I can recommend the 2 I've got. They're for CS and CS2 but there should be newer CS3 editions available by now. Photoshop CS Accelerated published by YJ, and Photoshop CS2 Essential Skills published by Focal Press.

Also, check out the online tutorial videos from *http://movielibrary.lynda.com/html/modListing.asp?pid=228&btnProduct=Go* and google for "photoshop cs3 tuturials".


----------



## thepit56 (May 26, 2006)

honestly I wouldn't waste my money on books. I can't learn anything about computers from books. If you want to learn photoshop and are willing to spend money I suggest you go to your local county college and see if they have any classes on digital imaging or the like.

Alas, those classes can be quite expensive, so if your more into the cheper scene then I say go all out and don't pay anything. there are millions of tutorials on the internet for photoshop. just think of what you want to do and google it. chances are someone made a tutorial for it.


----------



## ebackhus (Apr 21, 2005)

On the contrary books are an excellent source of learning. I'm not just saying that because I work in a library but because it's true. Most notably I think the *Visual Quick Start* series is the best series I've ever had the pleasure of reading. It includes tons of images and shows you in plain English what to do.


----------



## thepit56 (May 26, 2006)

ebackhus said:


> On the contrary books are an excellent source of learning. I'm not just saying that because I work in a library but because it's true. Most notably I think the *Visual Quick Start* series is the best series I've ever had the pleasure of reading. It includes tons of images and shows you in plain English what to do.


your welcome to your opinion but I have yet to get a book that learns me how to do anything with a computer. I have learned other things from books though


----------



## DonaldG (Aug 23, 2007)

*Re: Photoshop CS3 help..*

2 excellent books I have for Photoshop are:
"Photoshop CS Studio Techniques" by Ben Willmore ISBN: 0-321-21352-1
http://www.digitalmastery.com/
and do a Google for "Ben Willmore" for many interesting tips etc


"The Photoshop CS Book for Digital Photographers" by Scott Kelby. ISBN: 0-7357-1411-8
http://www.scottkelbybooks.com


My editions are for "CS" version but I am sure that the books will have been updated to "CS3" by now.

Both the books above are suitable for beginners to experts...
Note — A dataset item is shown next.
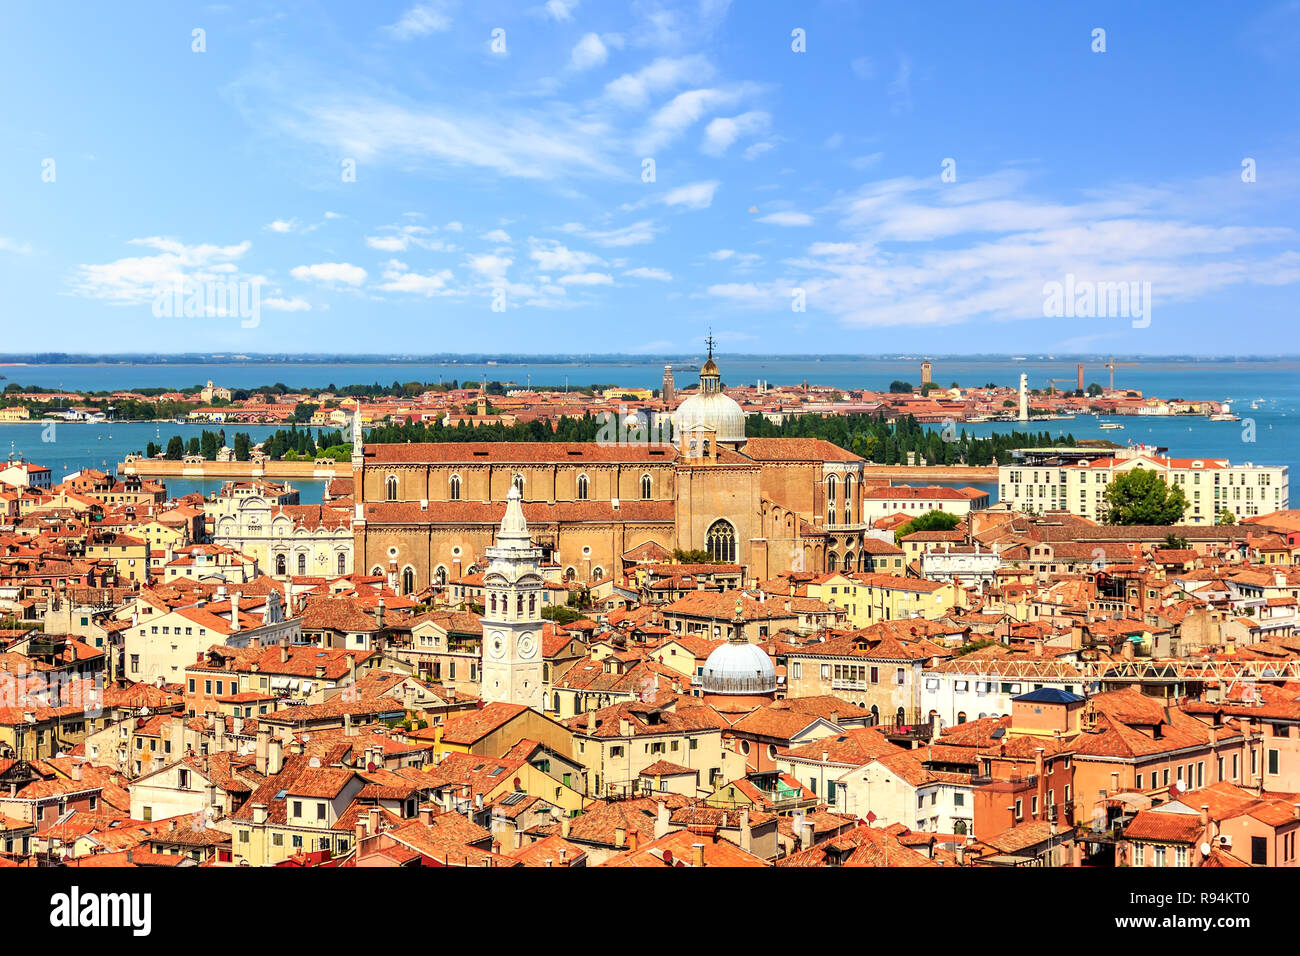 Basilicas and roofs of Venice, view from the San Marco Campanile Stock Photo

Another great source of tutorials on Photoshop is:
"Digital Photo" magazine - The cover disc usually has several hours of tutorials, tips & hints aimed at beginners thorough experts. See:
http://www.dpmag.co.uk


I have kept the Cover Disks for years & & oft refer back when I want a technique that I am a bit rusty on. I am sure that you will be able to pick up a copy of "Digital Photo" magazine in Ireland (They also do export subscriptions too... Be careful to look at "Digital *PHOTO*" and not Digital Photographer magazine (I'm not saying that the other magazine is not worthy of looking at, it's just that I 'swear' by Digital Photo!

Good luck in your searches :wave:


----------



## ebackhus (Apr 21, 2005)

thepit56 said:


> your welcome to your opinion but I have yet to get a book that learns me how to do anything with a computer. I have learned other things from books though


If it weren't for the book *DOS for Dummies* I doubt I'd be doing what I do today. Books truly are an excellent resource. Just try learning from a website when your connection goes down and the value of the ever-present book is understood.


----------



## eagledrc (Dec 28, 2007)

The "for DUMMIES" books are great...
just do tutorials on the web until you master it...


----------



## TehRevolution (Dec 28, 2007)

~All i done was practise practise practise i've been using PS for over a year and a half i know what most tools do now.  lol.


----------



## eagledrc (Dec 28, 2007)

Adobe programs are so hard to use. Flash and Photoshop are very different from most other computer programs. The way they do things is usually better, but only once you learn how to use them well.


----------